▸ WHAT TO PRODUCE:
Return the whole listing, line for line, without the pictures in it.

▸ DATA:

----

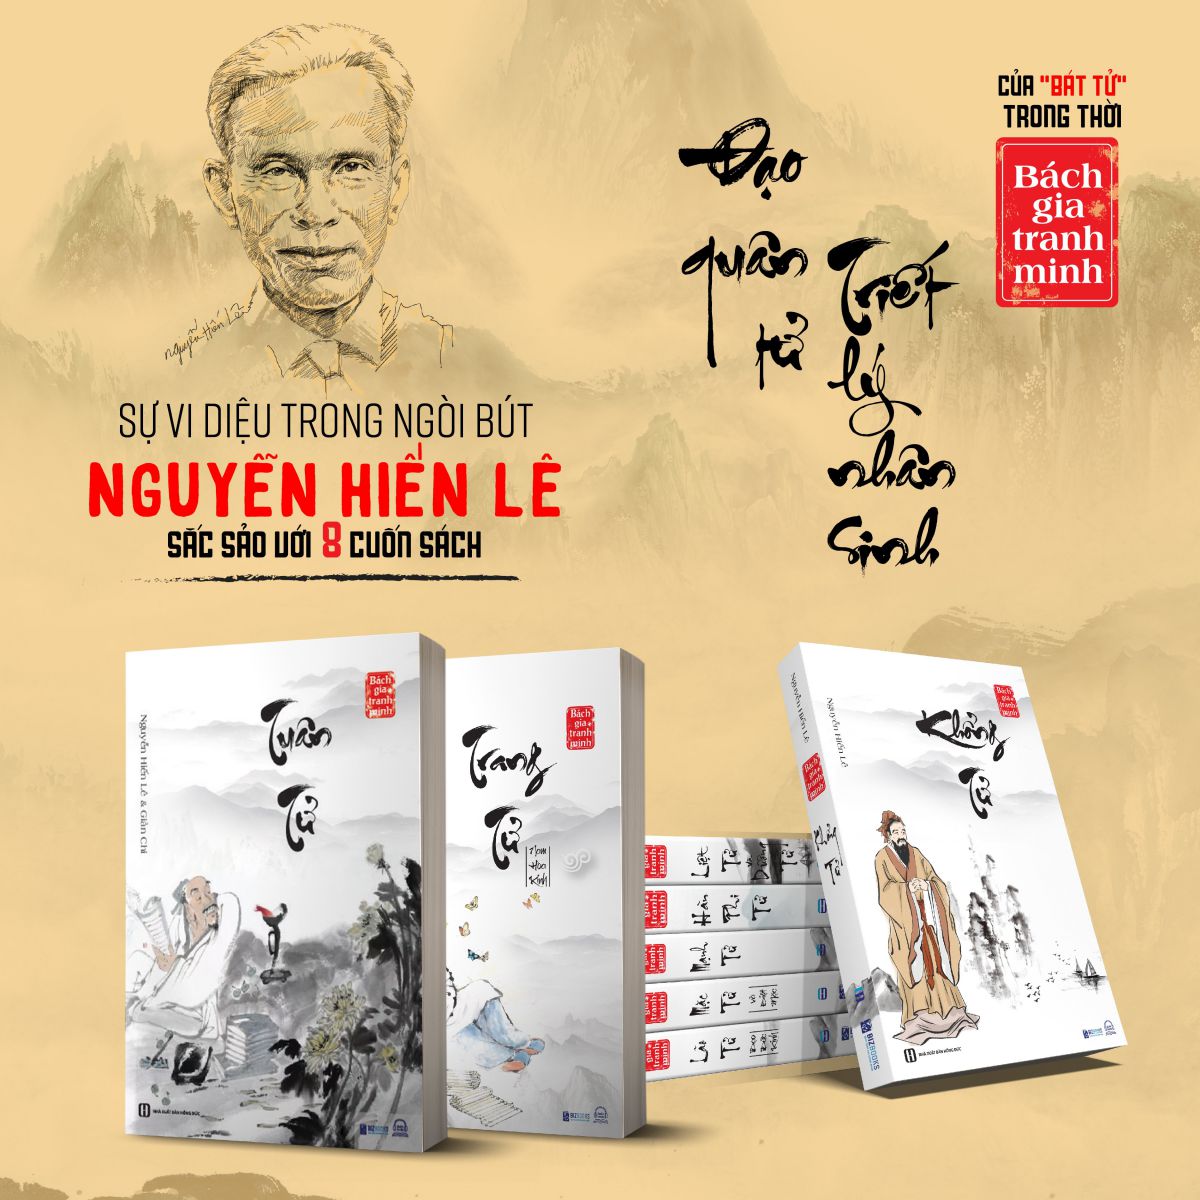 Bách  gia tranh minh - Bộ 8 cuốn sách quý hiếm của Nguyễn Hiến Lê
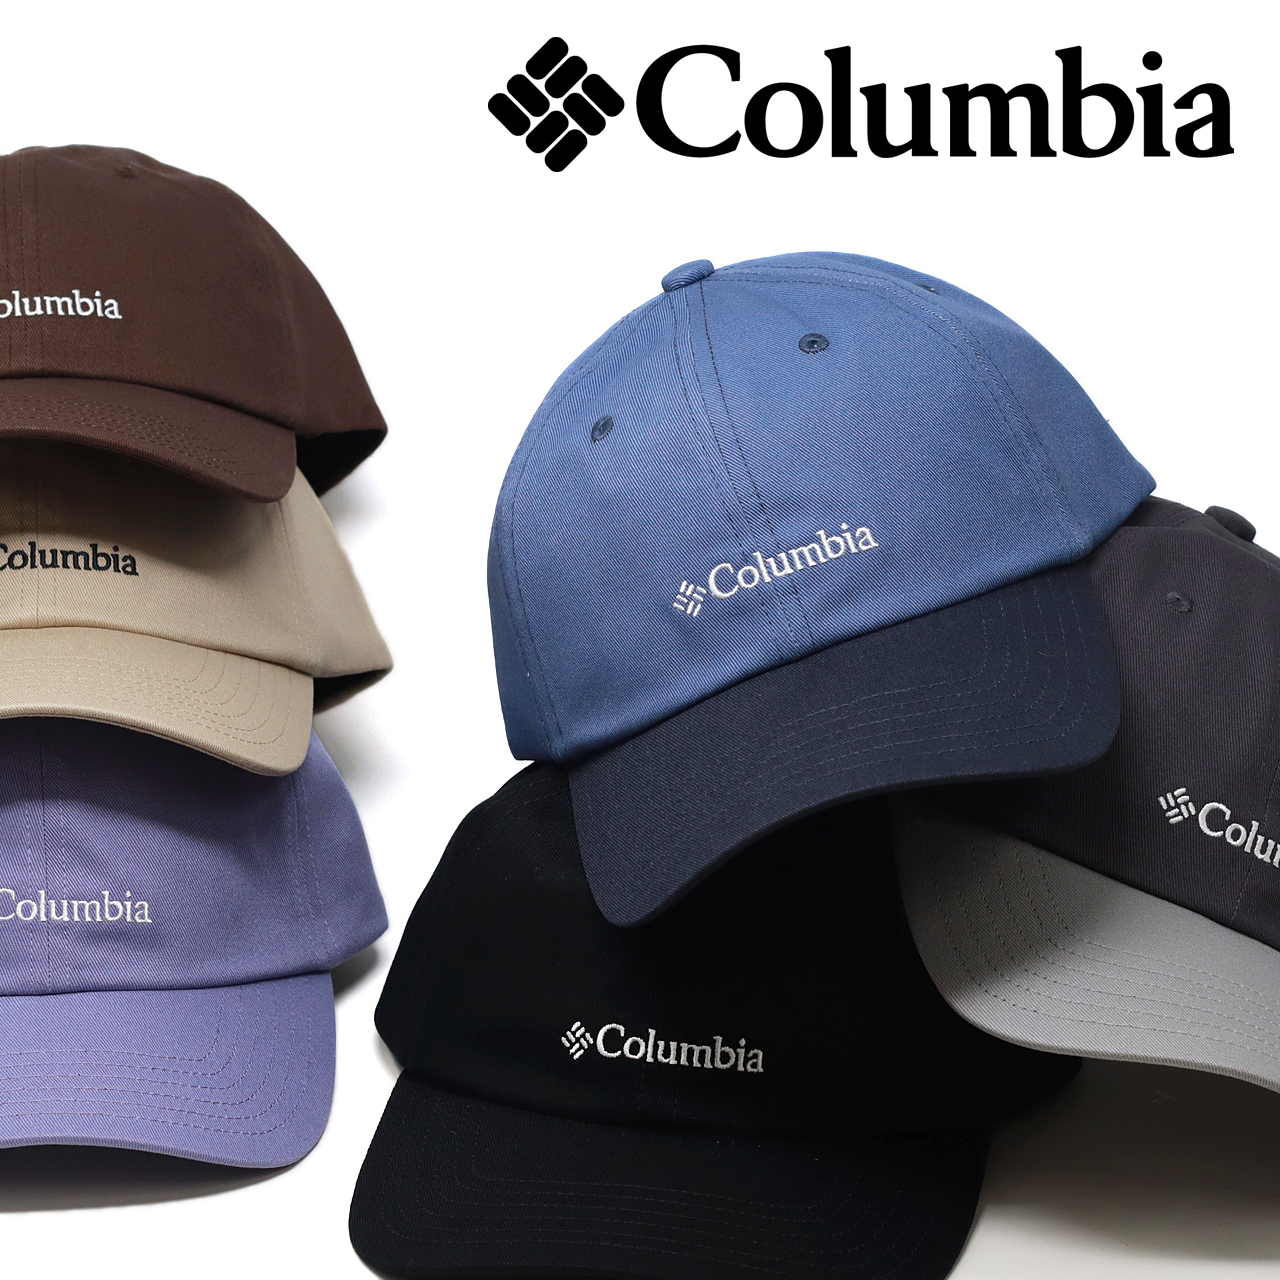 Columbia 帽子 キャップ メンズ コットンツイル サーモンパス
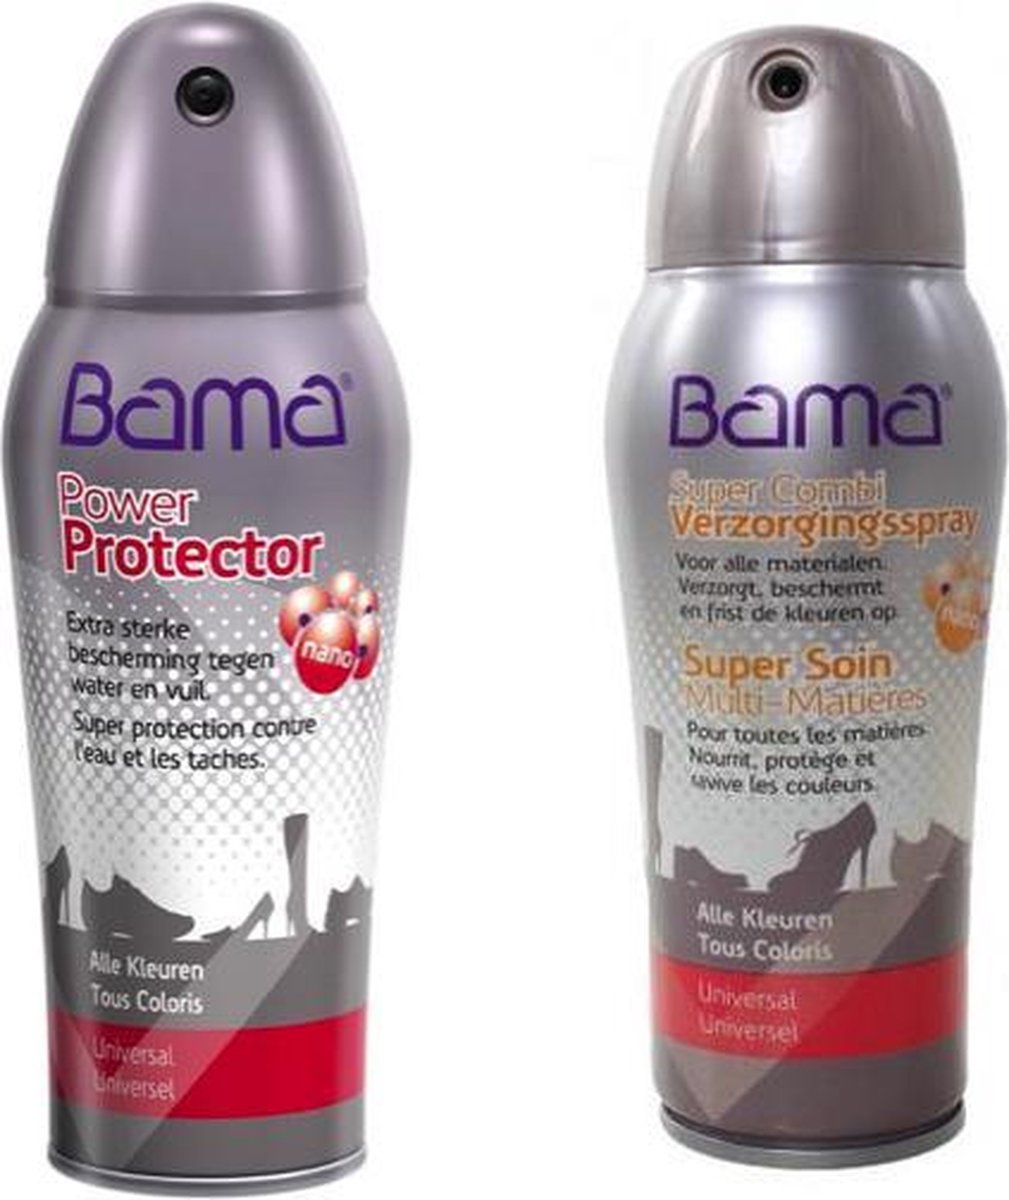 Bama Combi Verzorgingsspray - Power Protector 300ml - Bama

----

▸ EXPECTED ANSWER:
 Bách  gia tranh minh - Bộ 8 cuốn sách quý hiếm của Nguyễn Hiến Lê
 Columbia 帽子 キャップ メンズ コットンツイル サーモンパス
 Bama Combi Verzorgingsspray - Power Protector 300ml - Bama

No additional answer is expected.